US Patent US4905110 A

Goals

You are to write a simple file system which will use a regular file as the "virtual disk". The structure of the file system is based on FAT, simplified, and called mini-FAT. In order that you can work as a file system driver but not in the kernel, Linux has a technology called FUSE — Filesystem in User SpacE. Built into the kernel, FUSE will redirect file system calls to a program you write and run as a background job as a regular user program. Your program will take those redirected calls and act upon the data in the "virtual disk" file to carry out the request.

Mini-FAT description

The Mini-FAT filesystem is a simplification of the FAT file system. The FAT filesystem, although simple and robust, has a lot of complications, which don't add to the conceptual understanding of filesystems, although are very instructive to the true nature of software technology in the context of the real world. That is to say, it is surprisingly messy, and the half of it is untold in the official documentation.

The mini-FAT file system makes the following simplifications to FAT (see the FAT documentation for concepts):

✶ There are 1024 bytes in a cluster, and 1024 clusters in the file system.

✶ The super-block occupies cluster 0 and contains the string "MINIFAT 1.0" followed by all nulls.
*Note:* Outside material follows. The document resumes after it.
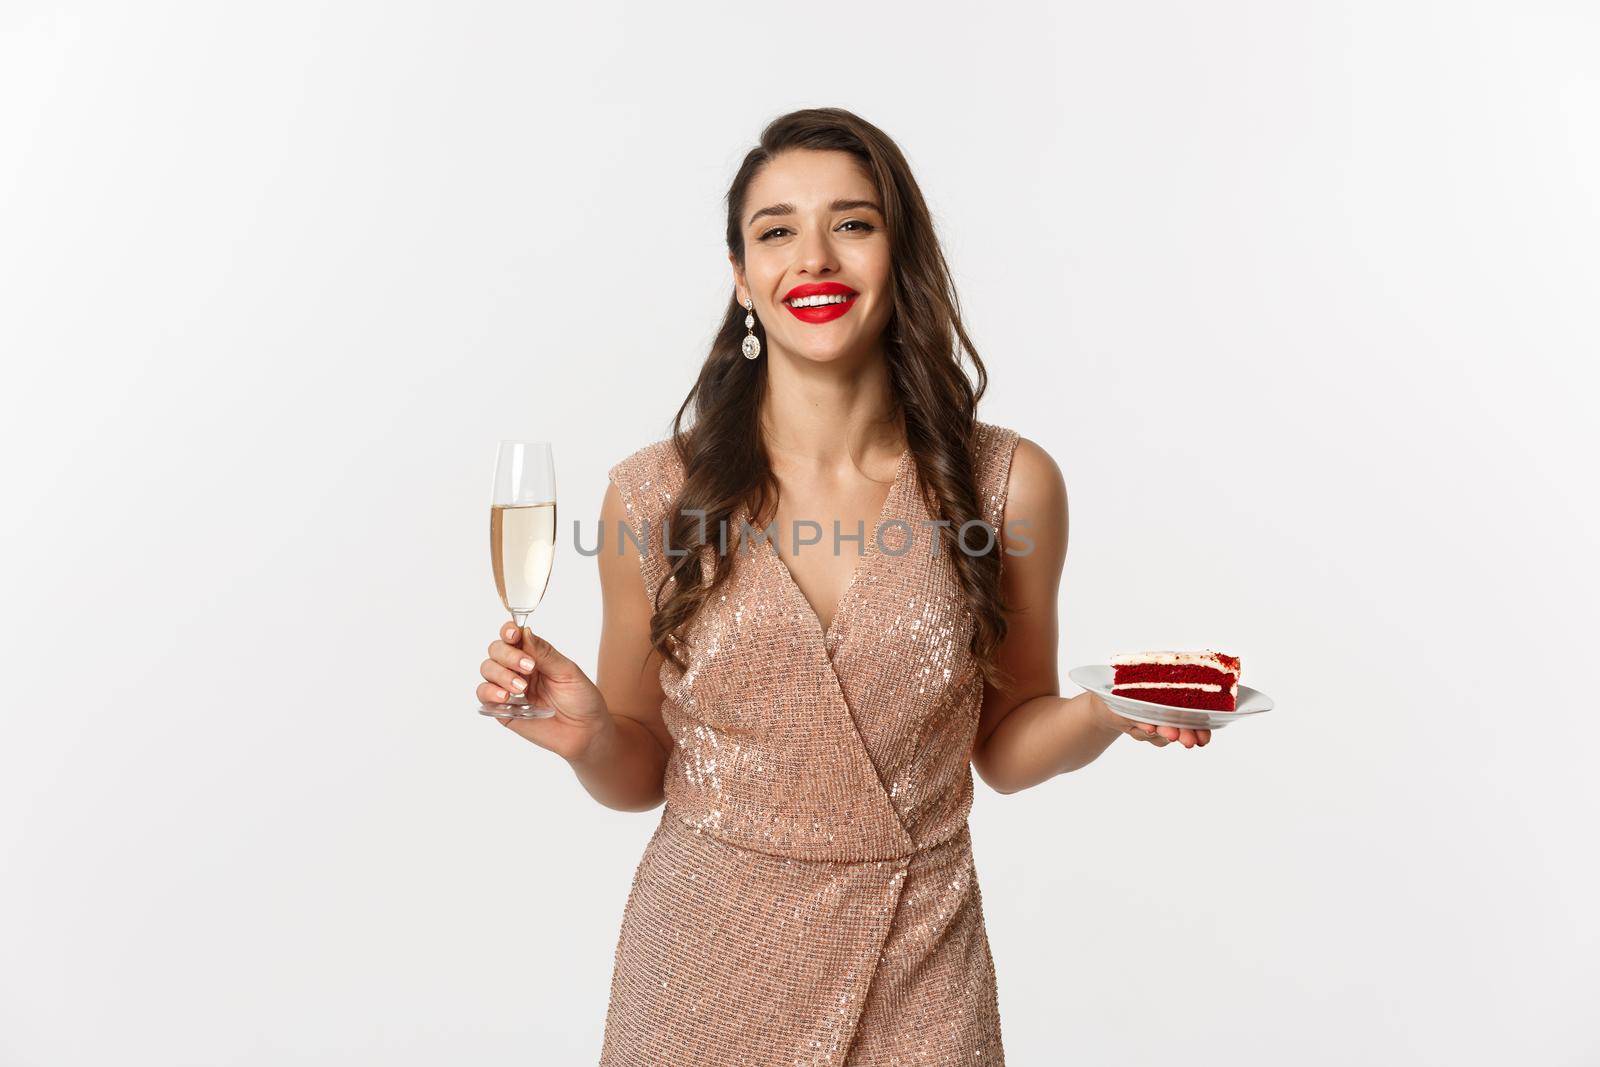 Party and celebration concept. Elegant woman with red lips, glamour dress, drinking champagne and eating cake, standing over white background.
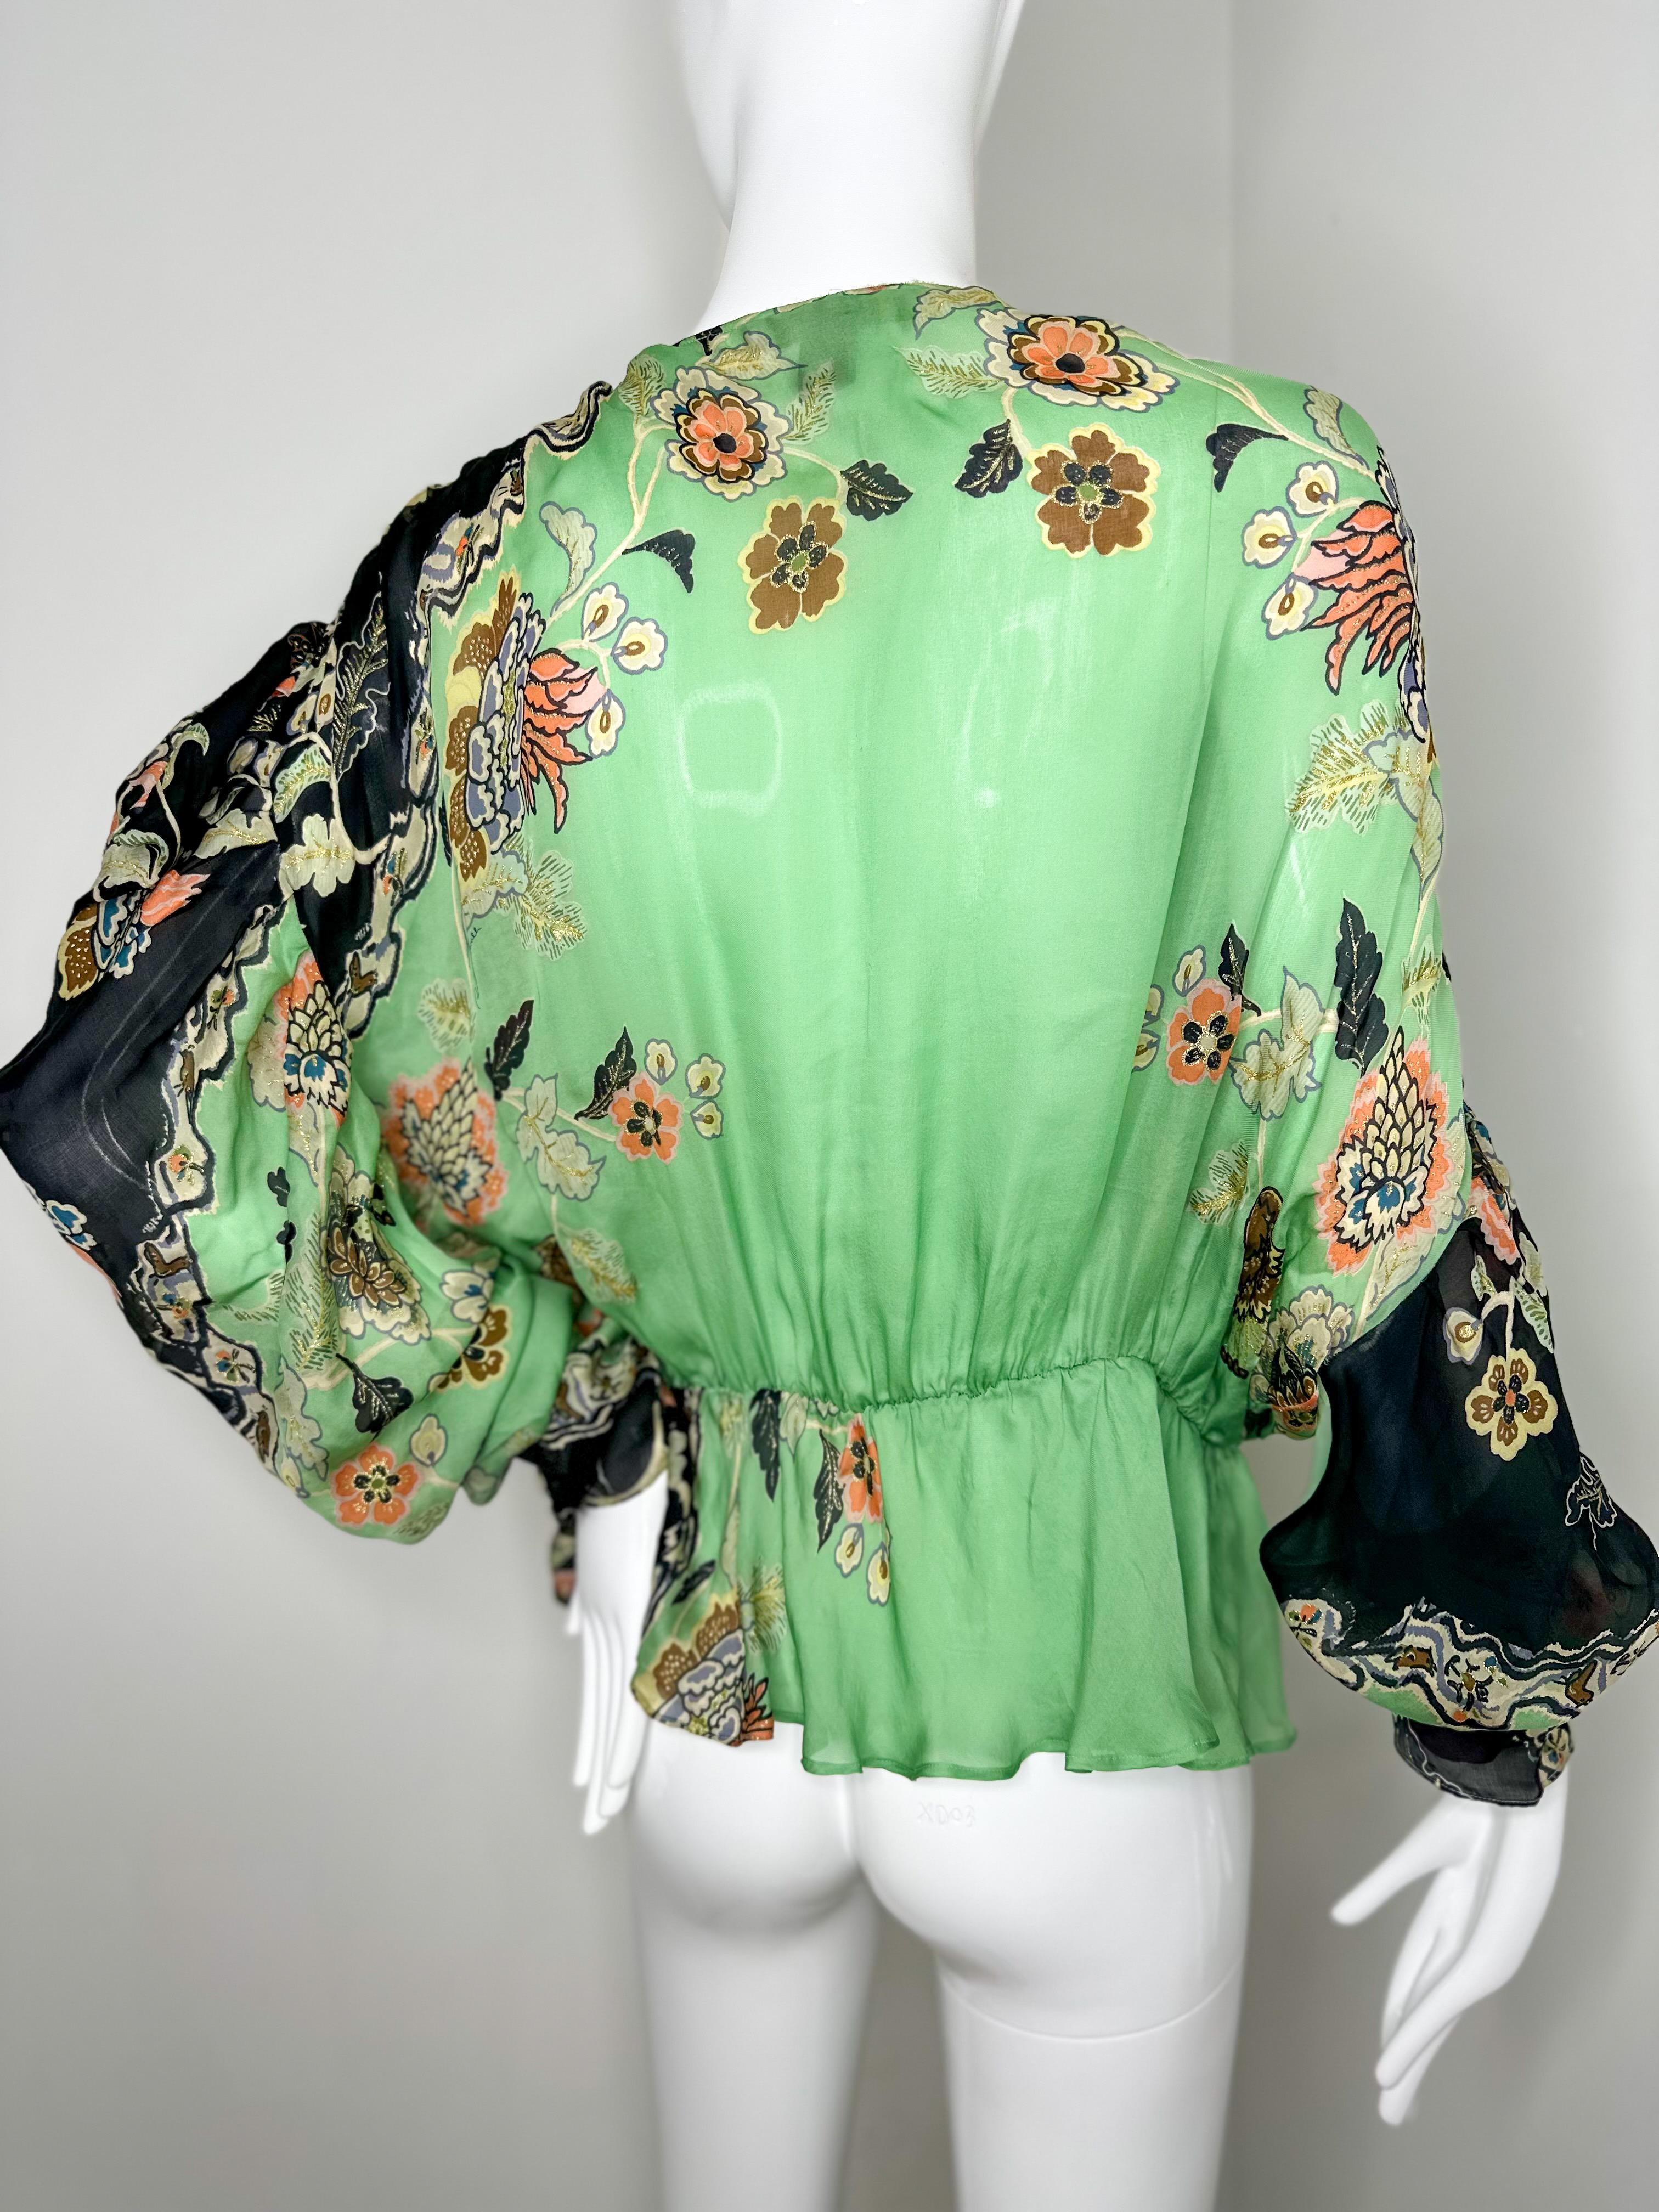 Roberto Cavalli 2003 chinoiserie silk blouse In Good Condition For Sale In Annandale, VA

✶ The meta-data region, consists of only the FAT table, and occupies clusters 1 through 4.

✶ The table is an array or 1024 32-bit integers, indexed by cluster number.

✶ The content region, which contains files and directories, which occupies clusters 5 through 1023.

✶ Cluster 5 always contains the first cluster of the root directory.

✶ The special values in the Fat table are: 0, the cluster is free; and -1, this is the last cluster in the chain.

✶ The FAT table bad cluster mark is not supported.

✶ Directory filename byte-zero values of 0xE5 and 0x05 are not supported.

✶ Directory filename byte-zero value 0x00 is used to mark an empty but possibly non-last directory entry.

✶ The directory entry is modified, dropping some fields and simplifying others.

✶ We do not support Microsoft's patented solution for long file names, clever though it is.

✶ Zero sized files and directories have dir_firstcluster equal to zero. This is actually per official documentation. -->

Directory Entry Format

The format of the directory entry is given in the following table.

MiniFat Directory Entry
name offset  size description
dir_name0118+3 filename. Empty entry if first byte is 0x0. (see notes)
dir_attr1110x0 for a regular file, 0x10 for a directory file.
dir_empty1212unused
dir_firstcluster244cluster number of first cluster in file
dir_filesize284size of file in bytes, if a regular file.

✶ The minifat directory format is a simplication of the FAT directory format. Each directory is a sequence of directory entires. Each directory entry is either in use or empty. The directory can be a chain of clusters, and any cluster in the chain can contain only empty directories, for instance, after a sequence of deletions.

✶ Filesize is ignored for directories. The length of a directory is the total length of the clusters in the cluster chain.

✶ Like the true FAT file system, filenames are 8+3 style and blank padded on the right. The file system is case-insensitive, but filenames are stored all upper case.

✶ An empty directory entry is indicated by a 0 (0x0) as the first character of the file name. (The FAT option of using a different mark to indicate an empty directory entry but other non-empty directory entries follow, is not supported.)

✶ A filename can only contain the characters "A" through "Z", "0" through "9", and "~". The "~" character is reserved to the file system and may substitute for characters other than in the permitted set.

✶ Files have no owner, permissions, or dates. Minifat may report the files are owned by root, have all permissions, and dates of unix time zero.

✶ Fields dir_firstcluster and dir_sizesize are little endian.

✶ Empty directories have dir_firstcluster equal to 0.

✶ The . and .. entries are not supported, but their behavior must be simulated. This is made easier in that FUSE always gives full directory paths.

Getting started with FUSE

FUSE is a kernel technology that passes file requests to a listener program. The program attaches to a directory, and file requests that descend into that directory are passed on to that program for the program to process and respond. It allows us to hook our minifat file system into the operating system.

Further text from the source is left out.